-- WORK TO COMPLETE --
Please reproduce all the data exactly as written and omit the pictures.

:: DATA EXTRACT ::

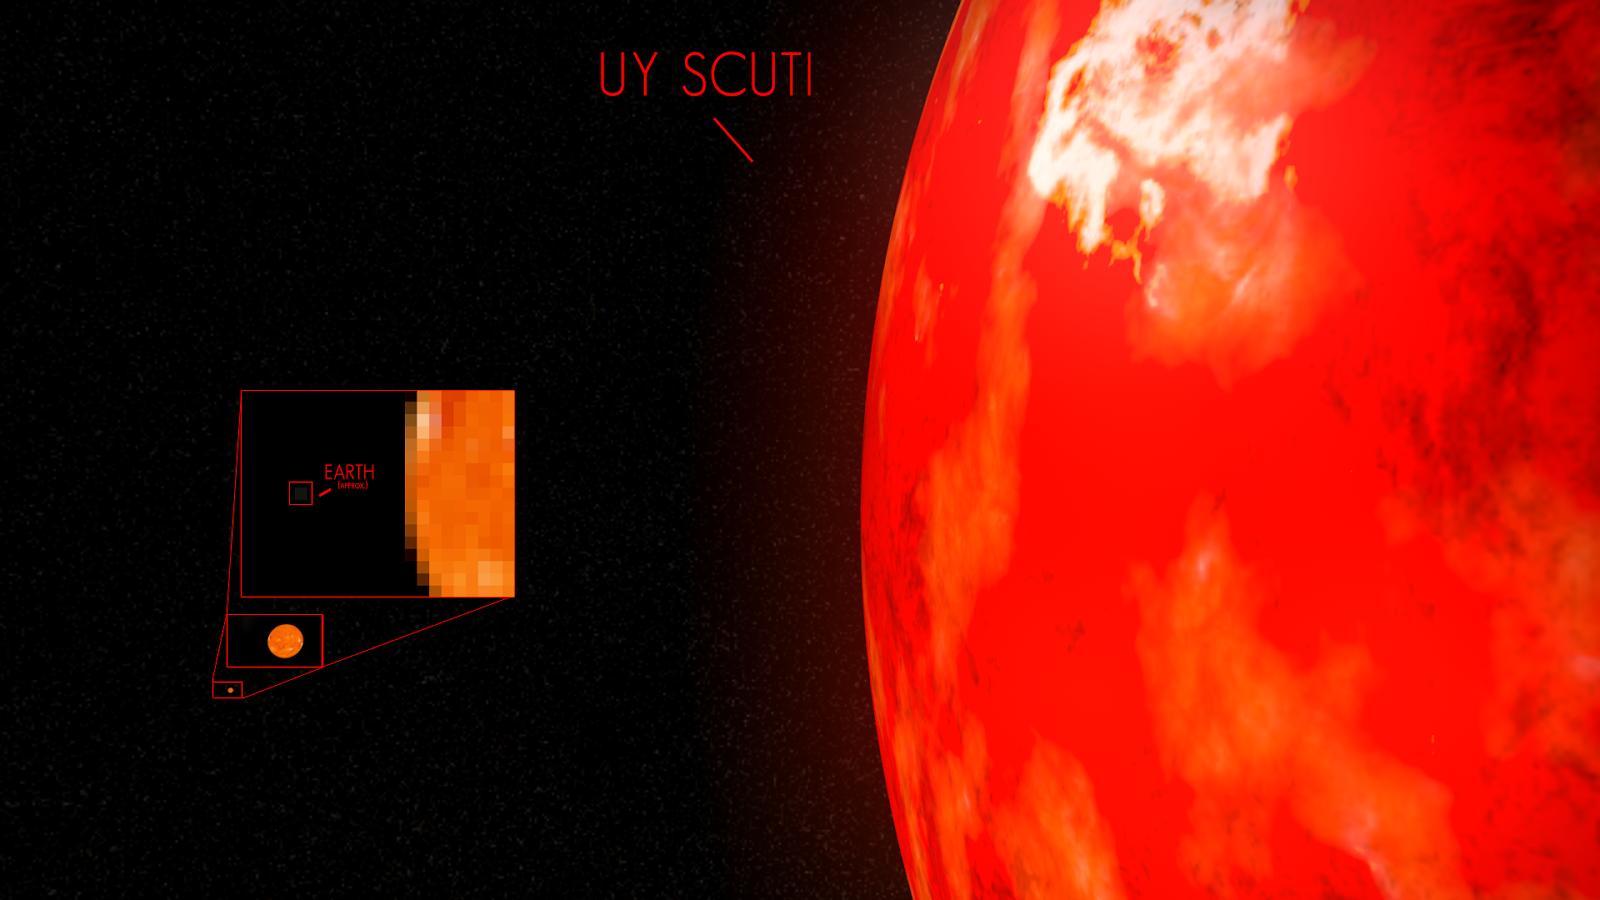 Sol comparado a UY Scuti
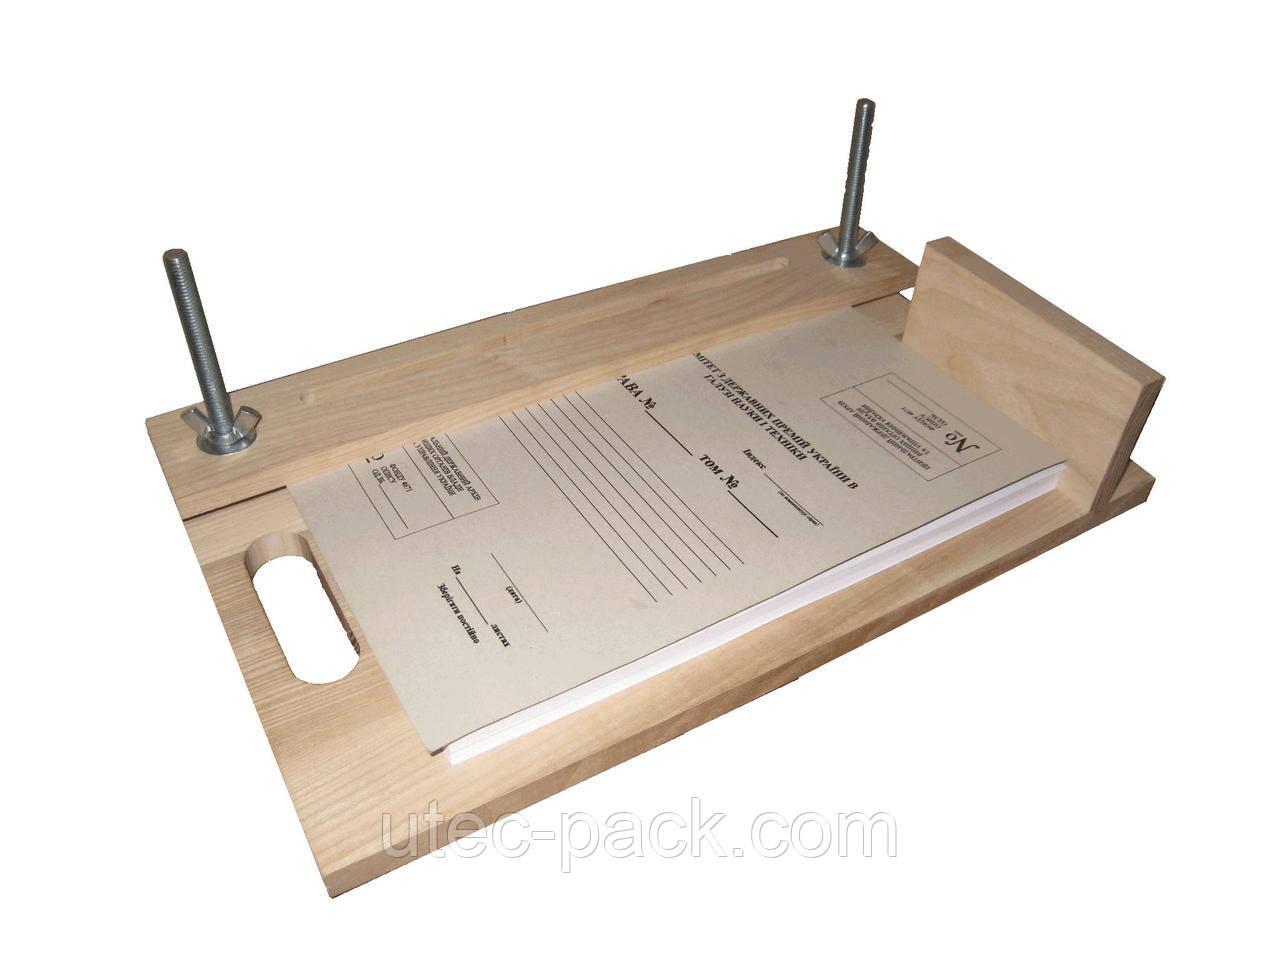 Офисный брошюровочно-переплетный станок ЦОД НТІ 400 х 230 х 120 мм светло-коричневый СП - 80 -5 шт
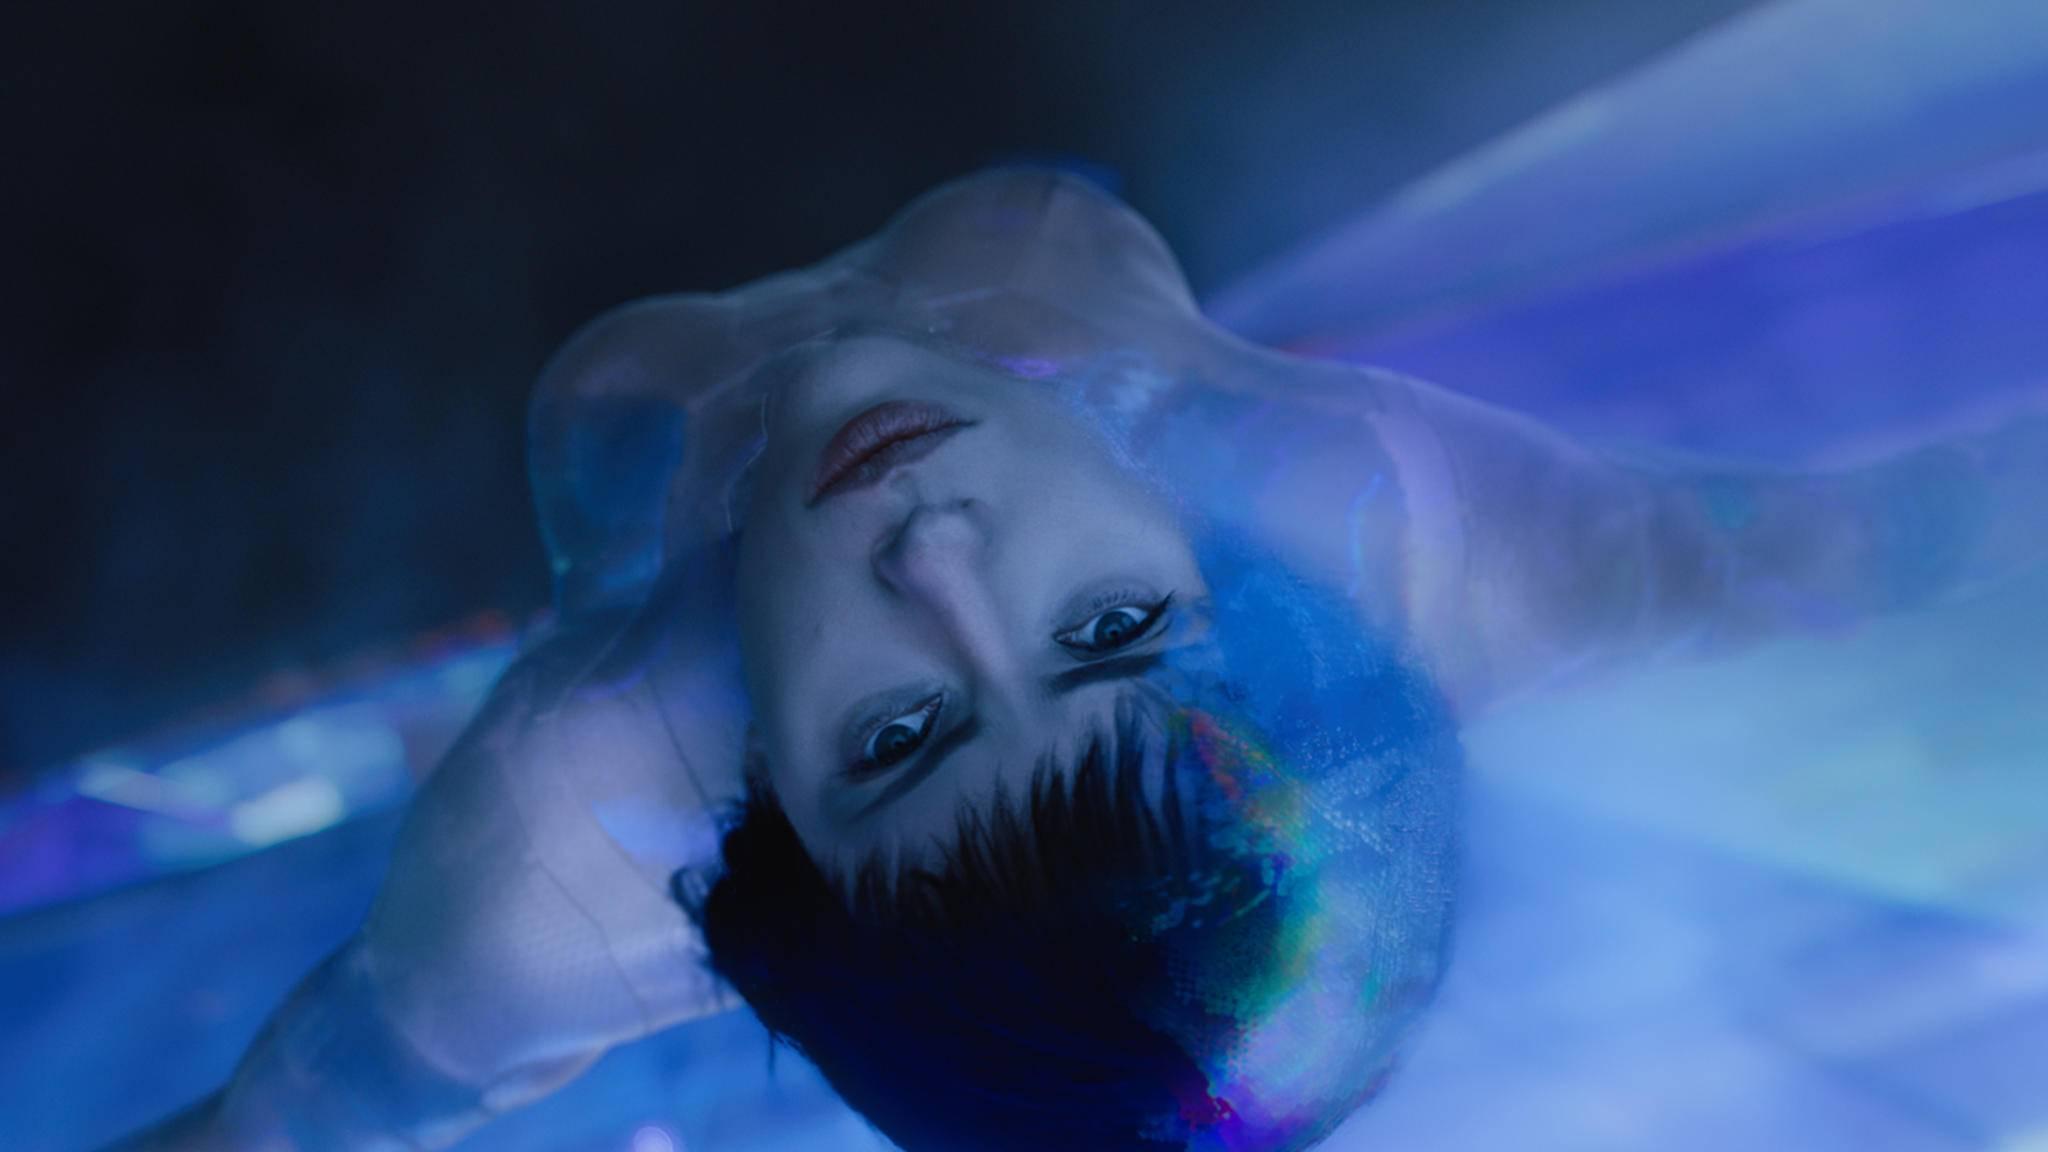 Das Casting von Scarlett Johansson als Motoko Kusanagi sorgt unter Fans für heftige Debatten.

:::

-- ANSWER --
 Sol comparado a UY Scuti
 Офисный брошюровочно-переплетный станок ЦОД НТІ 400 х 230 х 120 мм светло-коричневый СП - 80 -5 шт
 Das Casting von Scarlett Johansson als Motoko Kusanagi sorgt unter Fans für heftige Debatten.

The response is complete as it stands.